1. Convert to PDF or to PDF/A-1b?

Word, OneNote or PowerPoint files are often converted to PDF format for delivery to digital archives. For archiving, we do not recommend the common PDF format, but the conformance level PDF/A-1b (an ISO standard), because it is more suitable for long-term preservation. You can recognize a PDF/A file by the blue bar at the top of the Adobe Acrobat file view (Figure below).

Figure: Adobe Acrobat displays a blue bar at the top of a PDF/A file.

Converting to PDF, instead of PDF/A-1b, is less sustainable, but sometimes avoids certain conversion errors (especially errors in formulas, special fonts, text spelling mistakes, comments, transparent objects, vector graphics and multiple character layers).

2. OneNote via Word to PDF

When exporting directly from MS OneNote to PDF/A-1b or PDF, those hyperlinks that are underlaid to the text are lost. To prevent this, you should first export the OneNote sections to MS Word. (Limit the OneNote entries to the page width first.) You can then convert the MS Word file to PDF or PDF/A-1b as described below.

3. How to select the conversion method

There are four methods for converting MS Word or PowerPoint to PDF/A-1b or PDF. They differ in computing time and PDF quality. For large and complex documents, a compromise must be made between the quality of the generated PDF and computing time (Table 1).

Table 1: Properties of the four conversion methods to PDF/A-1b or PDF (see appendix for more details)

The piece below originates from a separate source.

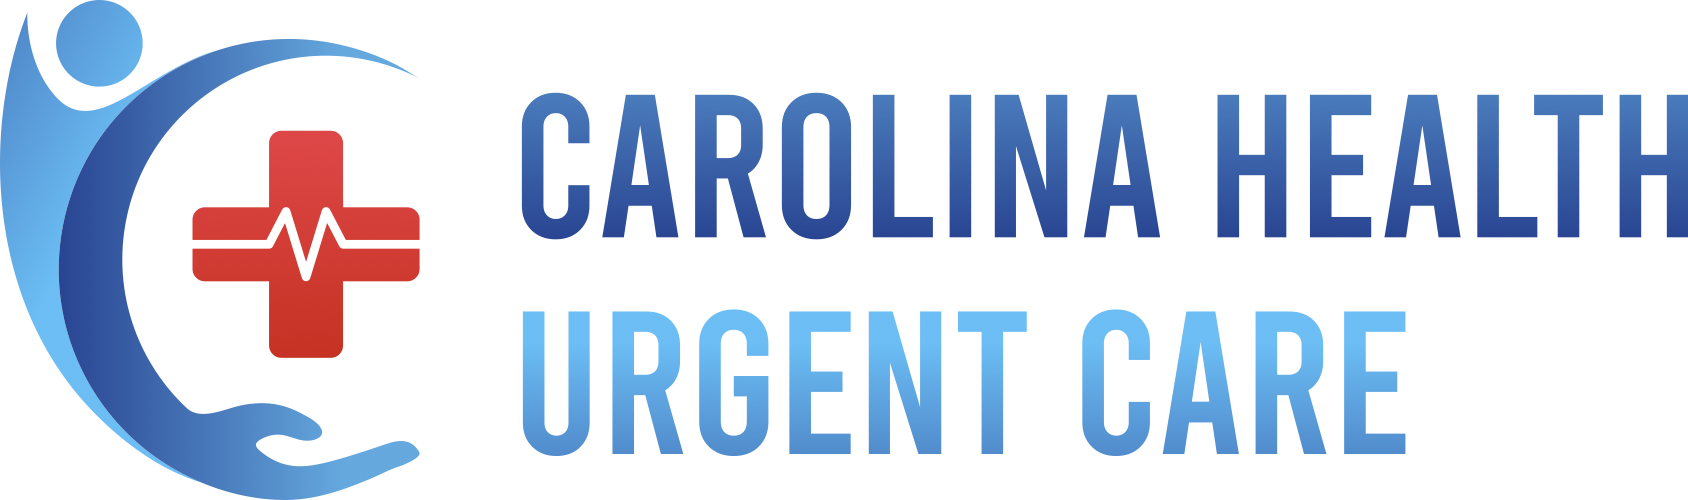 Carolina Health Urgent Care - Greenville Logo

Underlaid hyperlinks are lost

Underlaid hyperlinks are retained

Rapid Conversion

PDF Printer*

Save as PDF*

Slow Conversion


PDFMaker

Adobe Acrobat Pro

* References to footnotes no longer react to mouse clicks, but remain readable.

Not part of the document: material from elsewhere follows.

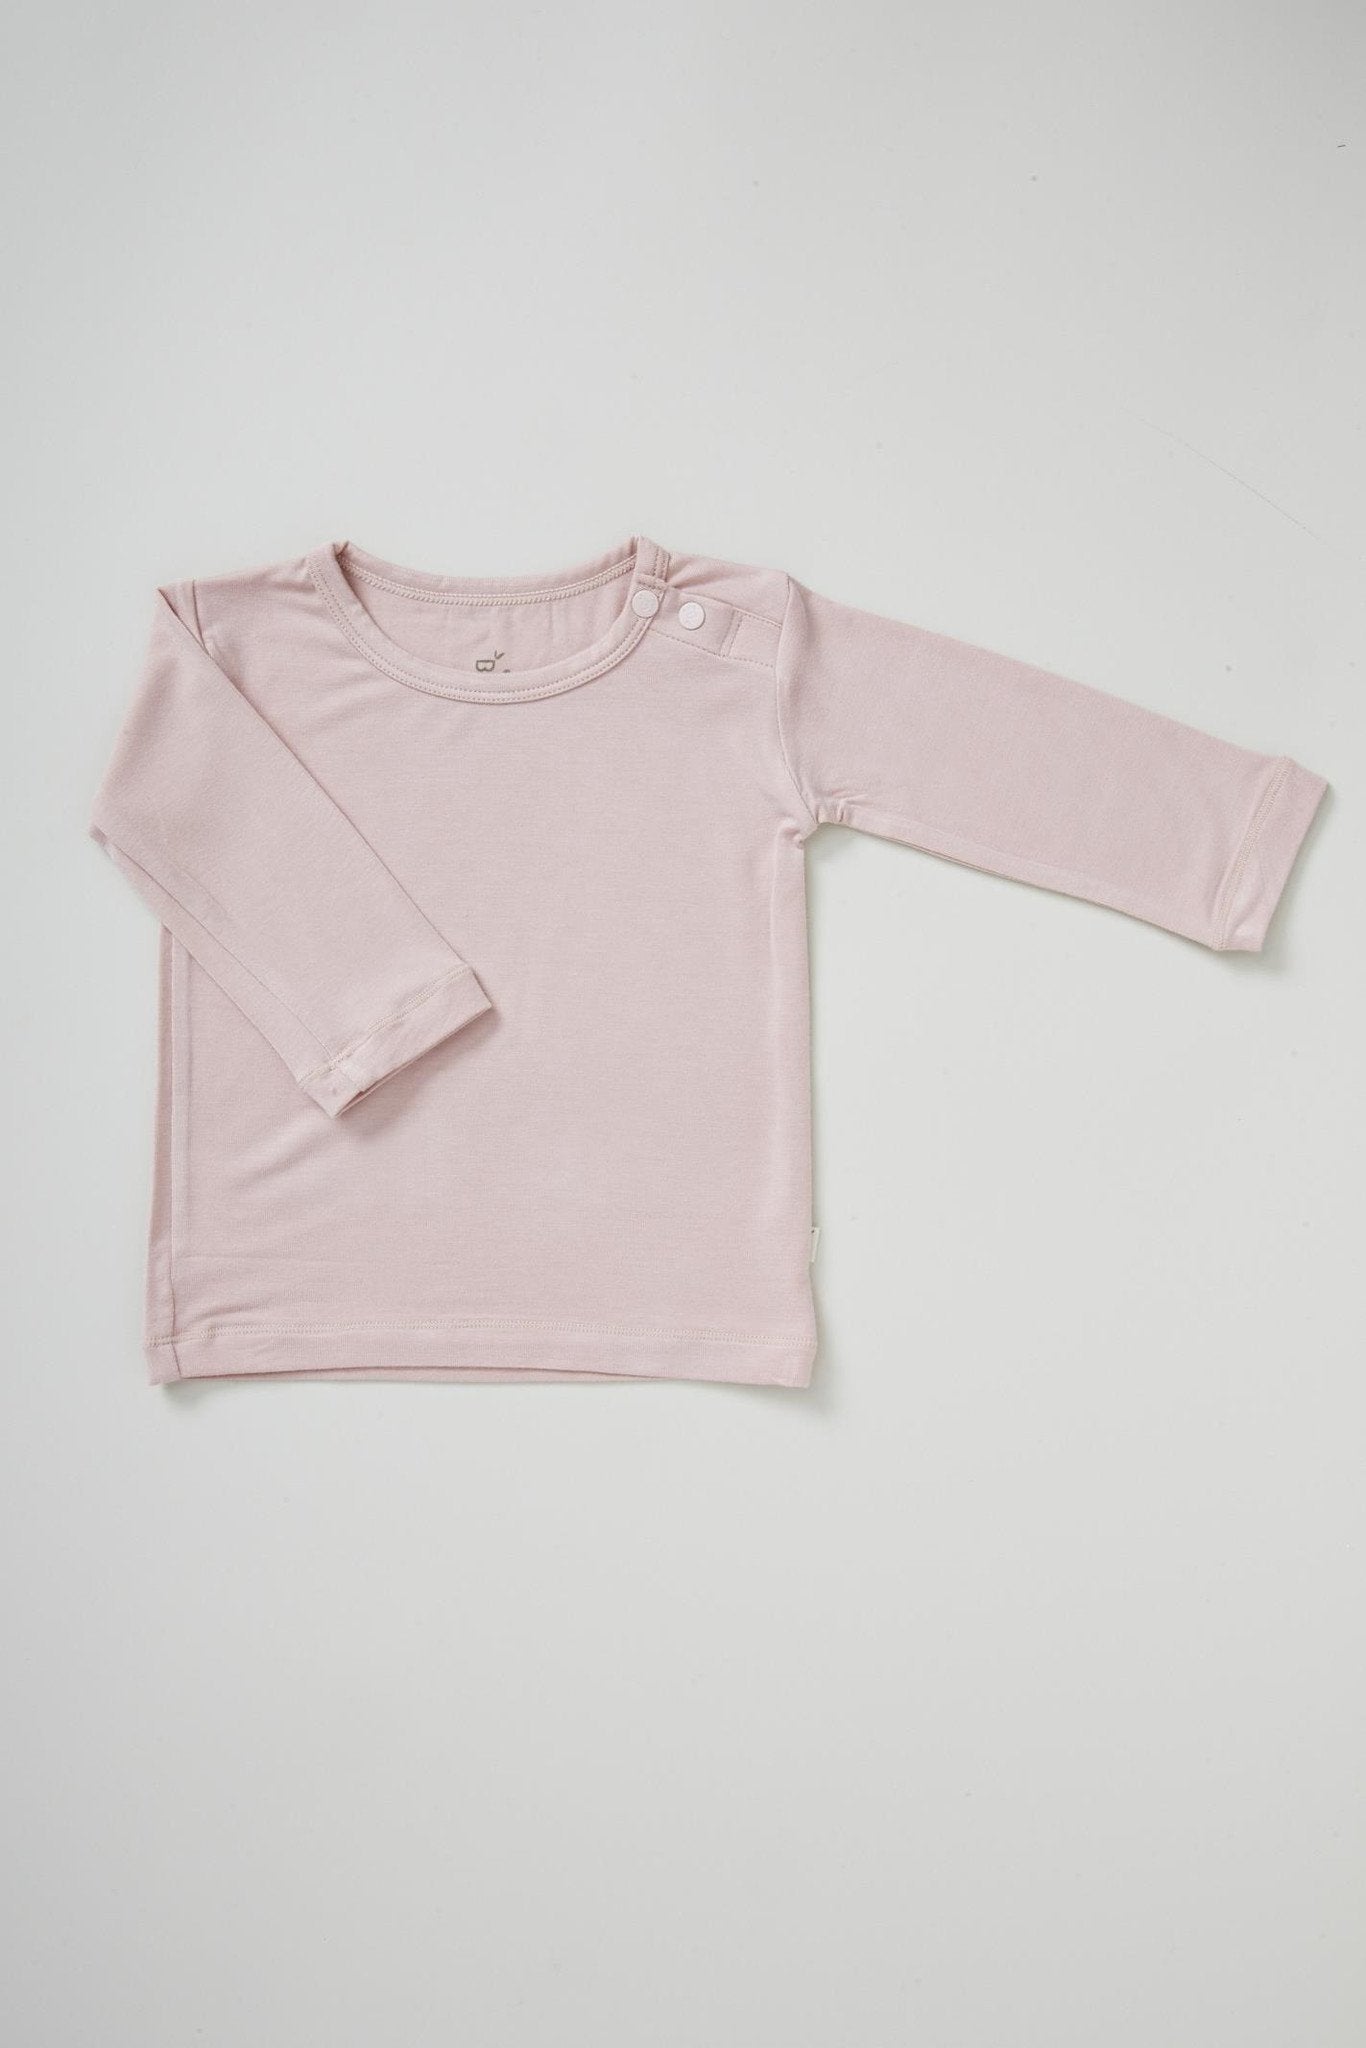 Pink Baby Long Sleeve Top - Boody Baby Organic Bamboo Eco Wear

4. Description of the Conversion Methods

We describe here four methods to create PDF/A-1b (or PDF) files from MS Word or MS PowerPoint files. Only the method "save as PDF" does not require any paid software (Adobe Reader). The other three methods require licenced Adobe Acrobat products.[1]

You should visually check the quality of the generated PDF file. Pay particular attention to formulas, hyperlinks, special characters, special fonts, text spelling mistakes, selecting and searching in the text, comments, tables, colors, transparent objects, vector graphics and multiple layers in figures.

PDF Printer

For large scientific publications we recommend to explicitly specify URLs of hyperlinks in the text and to use the Adobe PDF printer (uses Adobe Distiller): In MS Word or MS PowerPoint under the menu item "File" select the button "Print". Under "Printer" select "Adobe PDF". (If the "Adobe PDF" field is missing, your computer probably only has Adobe Reader installed). If you are going to create a PDF/A-1b file, select "Printer properties". In the tab "Adobe PDF Settings" select "Default Settings" and choose the drop-down menu item "PDF/A-1b: 2005 (RGB)". Select "Print" to create the PDF file.[2]

 Save as PDF

A file can be saved in Word or PowerPoint in the PDF Format. To do this, select "Save as" from the "File" menu (not "Save as Adobe pdf"), then select "PDF (*.pdf)" under file type. Under "Options..." select "ISO19005-1-compatible PDF/A" to create a PDF/A-1b file (ISO19005-1 is PDF/A-1; the created file therefore fulfills at least PDF/A-1b).[3]

PDFMaker

A Word or PowerPoint file may be saved as PDF/A-1b using Acrobat PDFMaker. To do this, open the document in Word or PowerPoint, select the "Acrobat" tab. If you are going to convert to PDF/A-1b select “Conversion settings” and then PDF/A-1b (once for each installation). To create the PDF file you may either select “Create PDF” in the tab “Acrobat” or “Save as Adobe PDF” in the tab “File”.[4]

Adobe Acrobat Pro

Adobe Acrobat Pro or Adobe Acrobat Pro DC may be used for conversions. Start Adobe Acrobat Professional and open your Word or PowerPoint File from within Adobe Acrobat Professional. In the menu “File” you select “Save as …” and choose the desired file type PDF or PDF/A. To convert to PDF/A-1b select “More options” and “PDF/A-1b” with “sRGB”. [5]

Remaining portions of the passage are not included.